As I’ve written elsewhere, I love to journal. I’ve been doing so, poorly, since about 1985. As such, it has not been an uncommon thing to receive new journals at Christmas or for birthdays. It’s especially meaningful when my boys buy new journals for me. My younger son, Graeme, bought my last one. It is now full of my life; spillings of poetry, life musings and assorted literary brick-a-brack. I used a bookmark he once made for my wife that, along with his delightful pre-pubescent picture on it also contains the words “I love you Mom!” How could that not be life changing?

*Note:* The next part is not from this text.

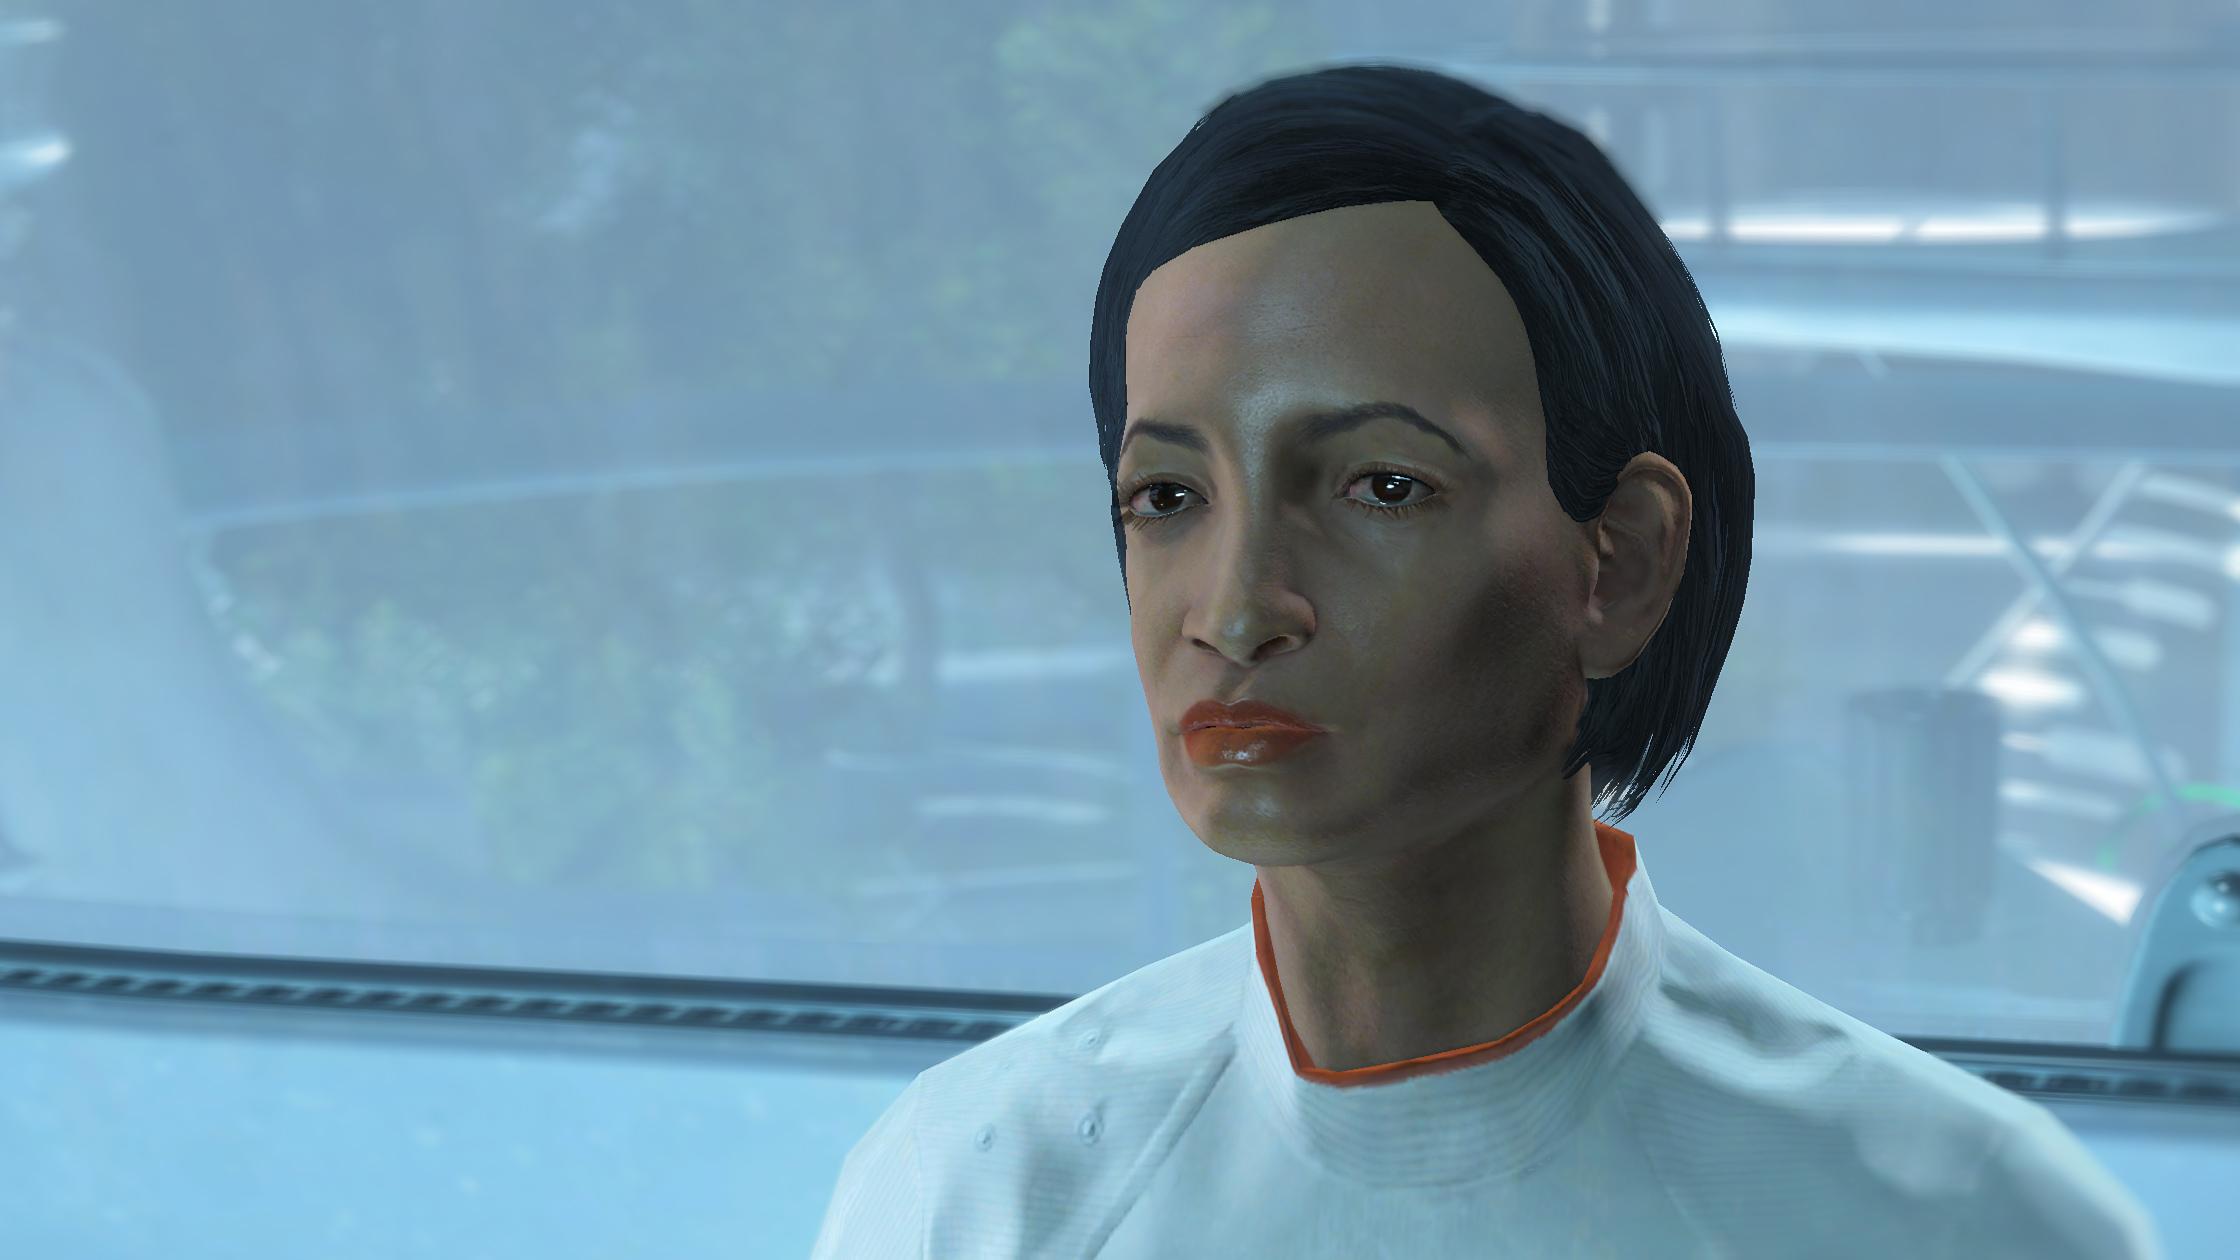 Ева (Fallout 4)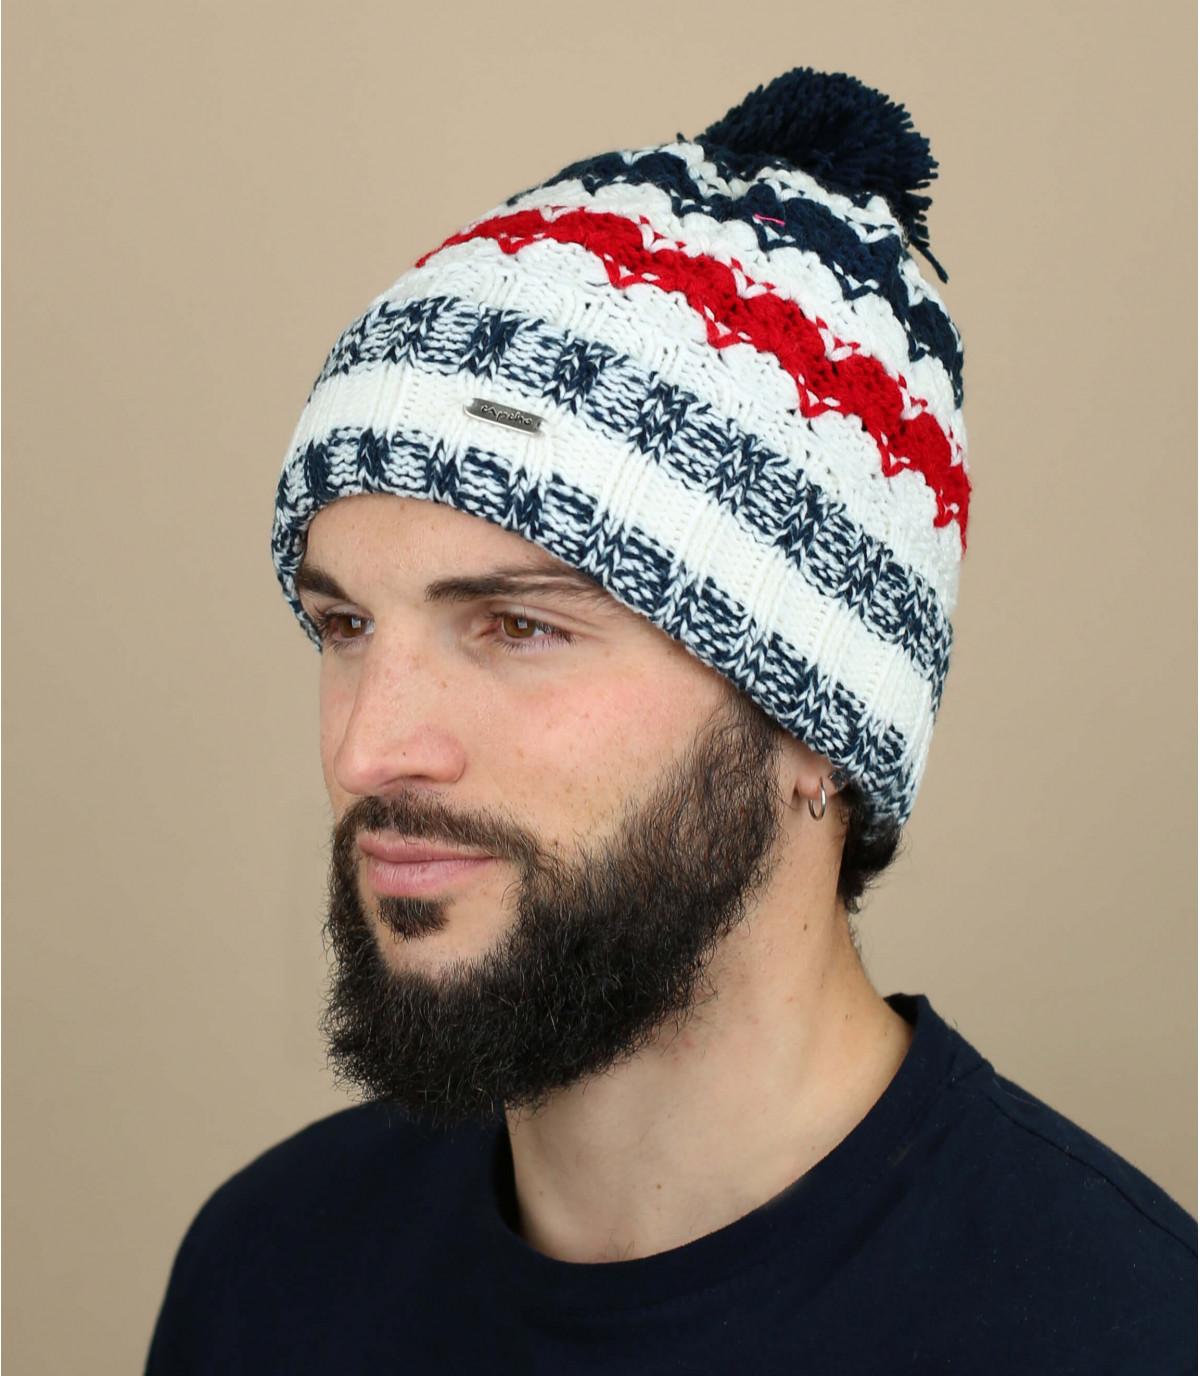 cappello rosso nappa blu bianco

What follows is a typical example of what I might write in any given journal, especially a new one. And, as you shall see, there is no small irony in the sharing thereof.

“I wonder how many times I’ve had the experience of pen on paper, the brand new journal? Most notable is that both my sons have purchased new journals for me; Graeme a few years ago and now, this Christmas, mere hours ago, my older son, Calum. It is beautiful, leather bound and handmade in India (I guess, in the interest of appreciation for the thoughtfulness of my son, I’ll temporarily suspend my moral suspicion as to who may have constructed it!).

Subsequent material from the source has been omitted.